# Mead and Cider finish fermentation tasting sour/bitter



## brottman (Nov 1, 2014)

So far, I have done both a mead and a cider. In the mead I used Lalvin EC-1118, and the cider I used Red Star Montrachet. Both me and my wife agree that both the cider and the mead taste sour and/or bitter. These are both still young, but I'm wondering -- is this normal?


----------



## seth8530 (Nov 1, 2014)

Depends on what you mean by sour and bitter. More details would help. It is not abnormal for young wine to taste kind of off to be honest.


----------



## Arne (Nov 1, 2014)

I am guessing you have fermented all the sugars out of them and they will have kind of a sour taste to them. Did you check your acid level? Too much can give it a bitter taste. Try drawing a little glass and mix a little honey with it. Now taste and if needed a little more honey. If you decide the whole batch needs to be sweetened, don't forget to stabilize it first. A lot of the funny tastes will probably go away with time, tho. Good luck with it, Arne.


----------



## brottman (Nov 1, 2014)

The cider was using Edworts recipe and i hadn't done anything to it yet except rack it. I used honey to backsweeten the Mead, which helped, but didn't completely cover up the bitter taste. It only seems to be somewhat masking it and not really fixing it. I will check the pH when I return home tomorrow. 

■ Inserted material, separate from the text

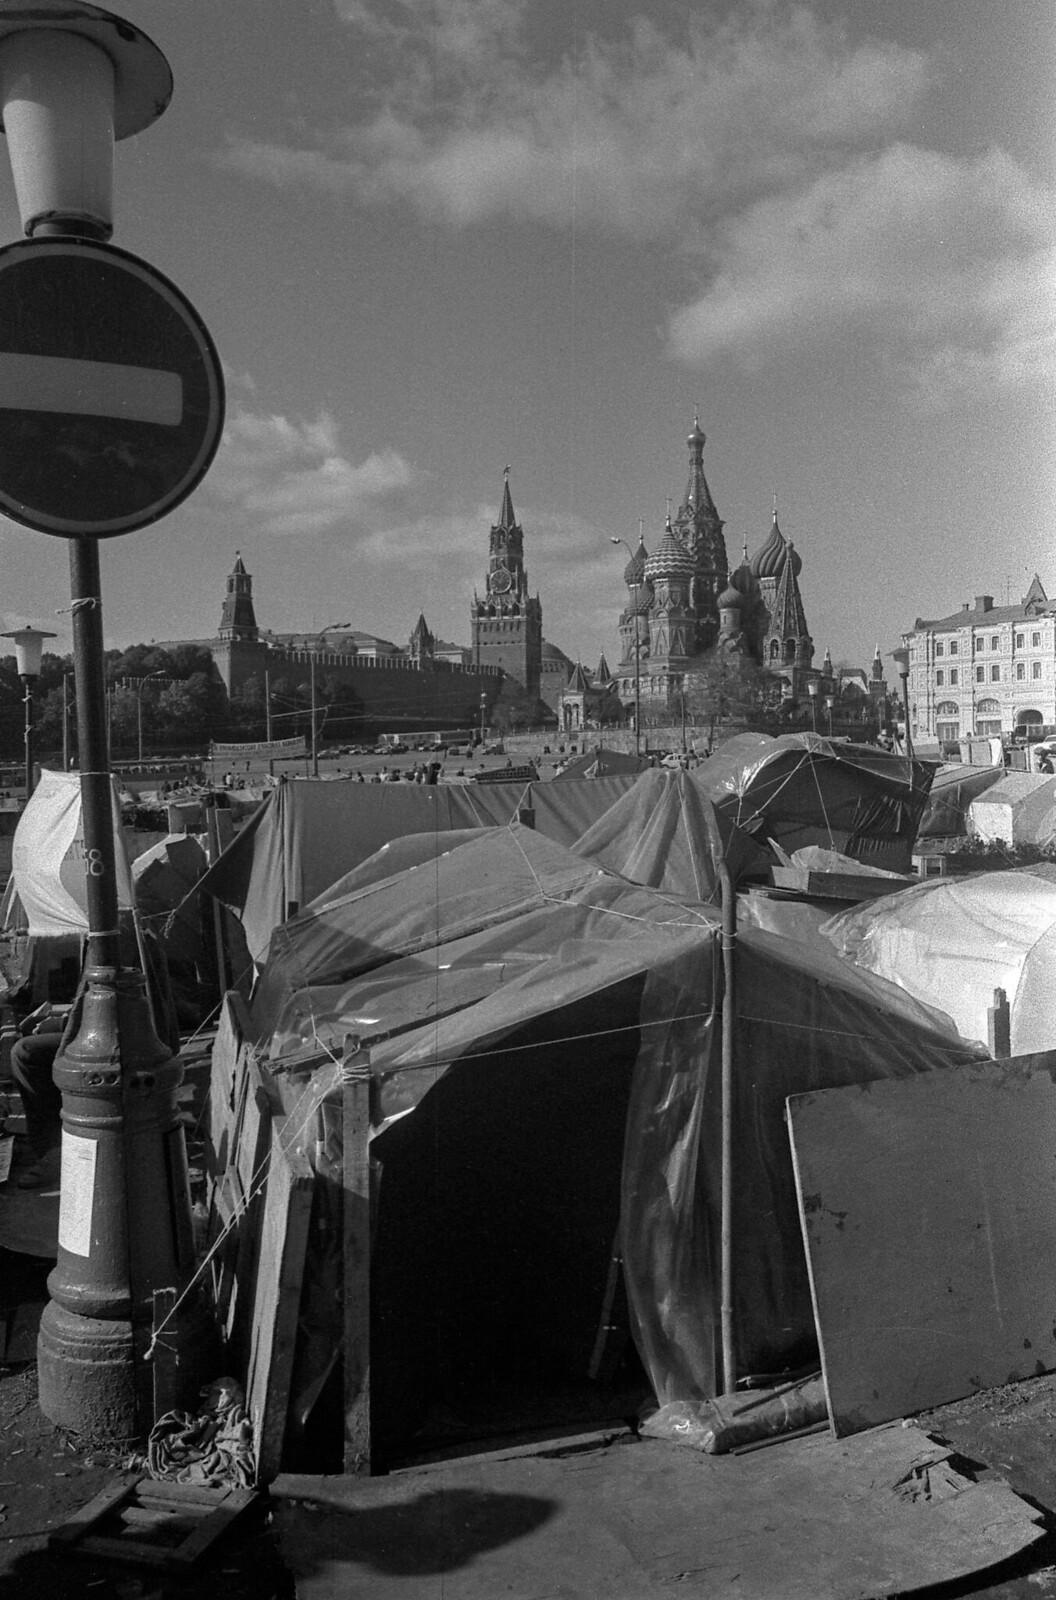 1989. Васильевский спуск, Палаточный городок (2)

I guess I come back to my original question - do young meads or ciders typically present with a bitterness to them?


----------



## seth8530 (Nov 1, 2014)

They can, but back to the original answer, it all depends.


----------



## gabryl1312 (Nov 1, 2014)

why can't you guys give us a straight answer or is it that you don't know. Like you said it depends , so what are the depending factors or you don't know?


----------



## gabryl1312 (Nov 1, 2014)

Ooooooooo ooooooooo ooooooooo


----------



## seth8530 (Nov 1, 2014)

gabryl1312 said:


> why can't you guys give us a straight answer or is it that you don't know. Like you said it depends , so what are the depending factors or you don't know?





gabryl1312 said:


> Ooooooooo ooooooooo ooooooooo



Because their are very many factors that go into explaining why a mead might taste bitter once it is done fermenting. Ie, temperature fermented at, yeast strain used, the quality and type of fruit used if any, what are the acid levels, what kind of residual sugar are we looking at, was something added that really piled on the tannis, if fruit was used did it have a lot of stems.. Sometimes, it needs to age.... Like I said it depends.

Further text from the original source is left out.